Em quinto e último lugar, no que se refere mais especificamente ao resultado eleitoral mexicano, a autora apresenta a situação como de “tranquilidade”. Diz ela:
“Um resultado verdadeiramente esmagador que oferece a Sheinbaum uma paz de espírito que sem dúvida invejará outros presidentes progressistas da América Latina. Ao contrário de Lula ou Boric, Morena enfrentou nestas eleições não um candidato de extrema direita, como Jair Bolsonaro ou José Antonio Kast, mas Xóchitl Gálvez, uma empresária conservadora e sorridente, eleita por uma coligação de partidos políticos tradicionais.

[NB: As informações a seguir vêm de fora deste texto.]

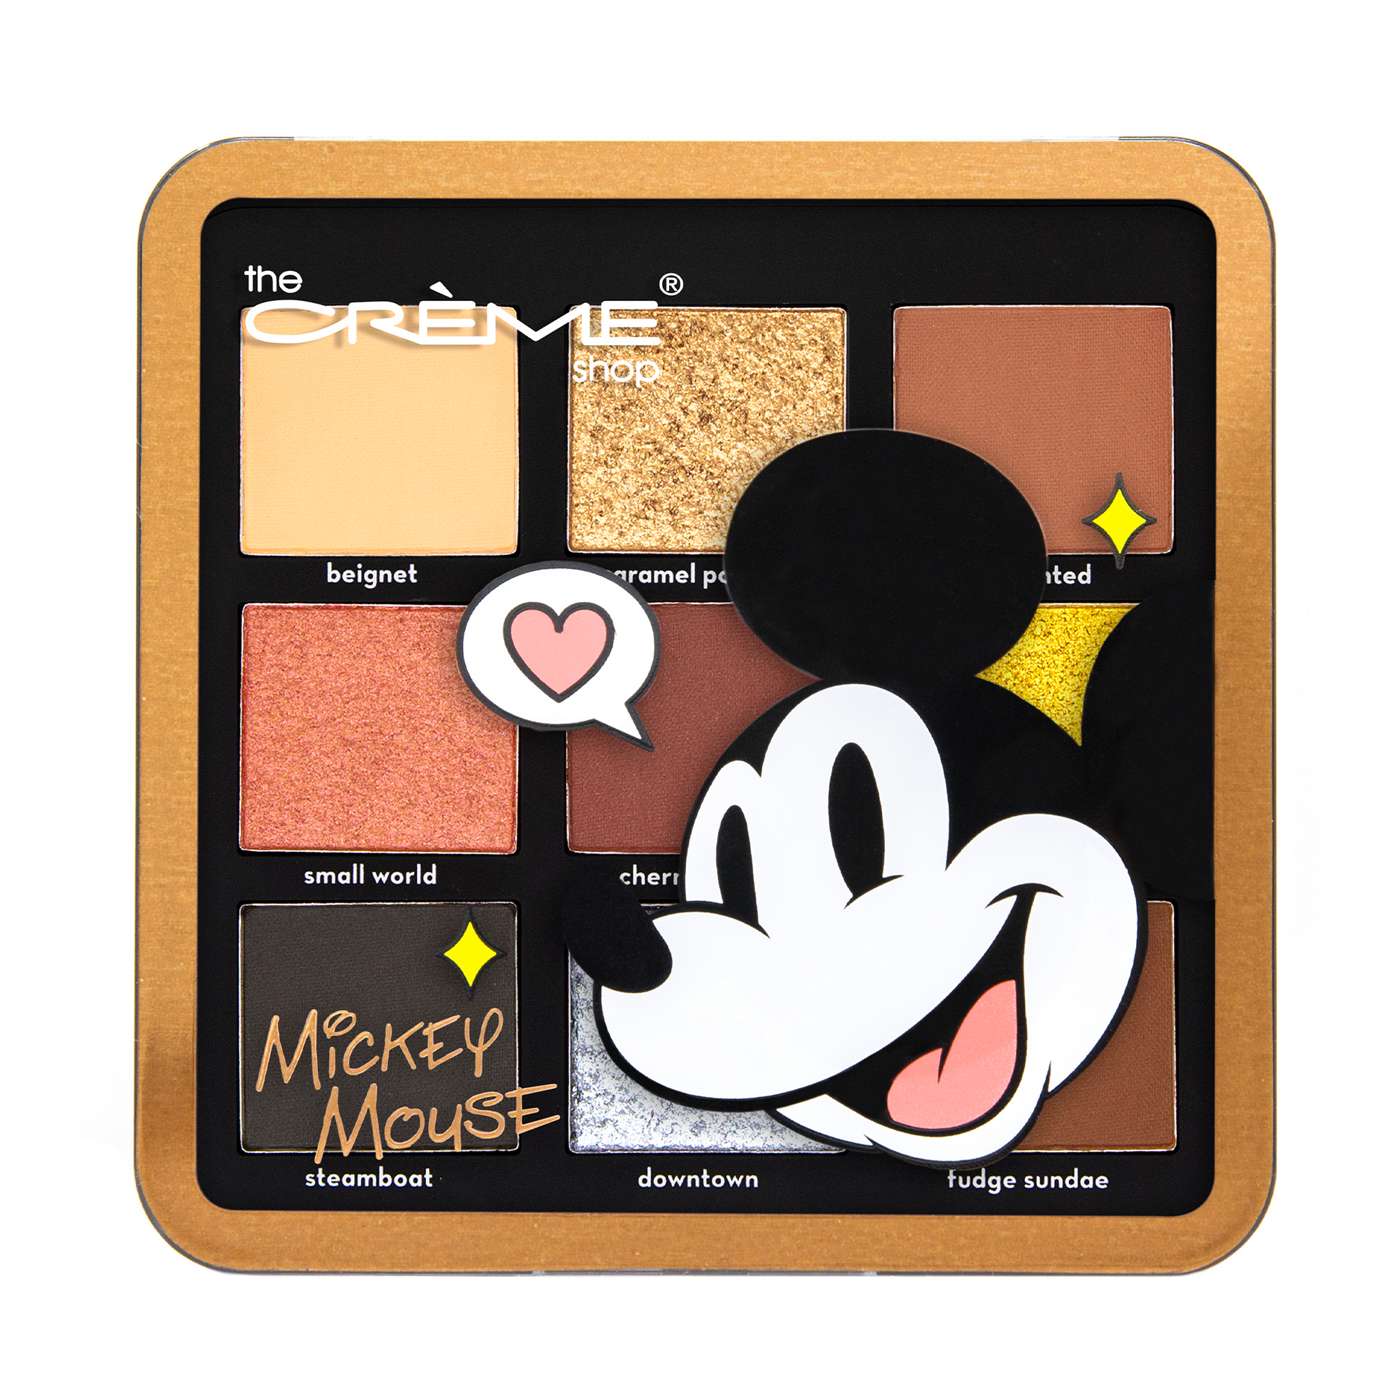 The Crème Shop Eyeshadow Palette - Around the World; image 4 of 4

(…) Petro fez história ao se tornar o primeiro presidente de esquerda da Colômbia e nomear uma mulher negra, Francia Márquez, como vice-presidente. Mas a sua administração está repleta de obstáculos e contratempos. A chegada de Boric ao Palácio Moneda foi uma lufada de ar fresco devido à sua juventude e à sua firmeza na defesa dos direitos humanos, sejam eles violados por aliados ideológicos ou por líderes dos antípodas”.
(…) ‘O México elegeu um progressista como o primeiro presidente de sua história’, destacou o colombiano Petro em suas felicitações.”
A tranquilidade, neste caso, é sinônimo não de que Sheinbaum tenha imposto uma grande derrota à direita, mas o exato oposto. Indica justamente que, para a direita, o resultado não é tão negativo. Indica que o imperialismo considera ser possível fazer um acordo com a nova presidente mexicana, de tal modo que não foi necessário apresentar um candidato que polarizasse com Sheinbaum.
E é aqui que fica claro, no final das contas, qual é o grande objetivo da matéria do El País. É apresentar como obra “da esquerda” justamente aquilo que é obra do imperialismo. Para o jornal, a questão decisiva para a esquerda latino-americana não é a luta contra o imperialismo, mas eleger uma vice-presidente na Colômbia que seja uma “mulher negra” – ainda que tal mulher seja financiada por institutos imperialistas. É eleger uma mulher presidente do México, ainda que ela seja ligada a organismos imperialistas. É eleger um jovem no Chile, ainda que ele seja a antítese do movimento insurreicional no país andino.
O objetivo é confundir a esquerda. É fazê-la acreditar que está tudo indo bem quando, na verdade, há uma grande contraofensiva em curso contra toda a esquerda na região.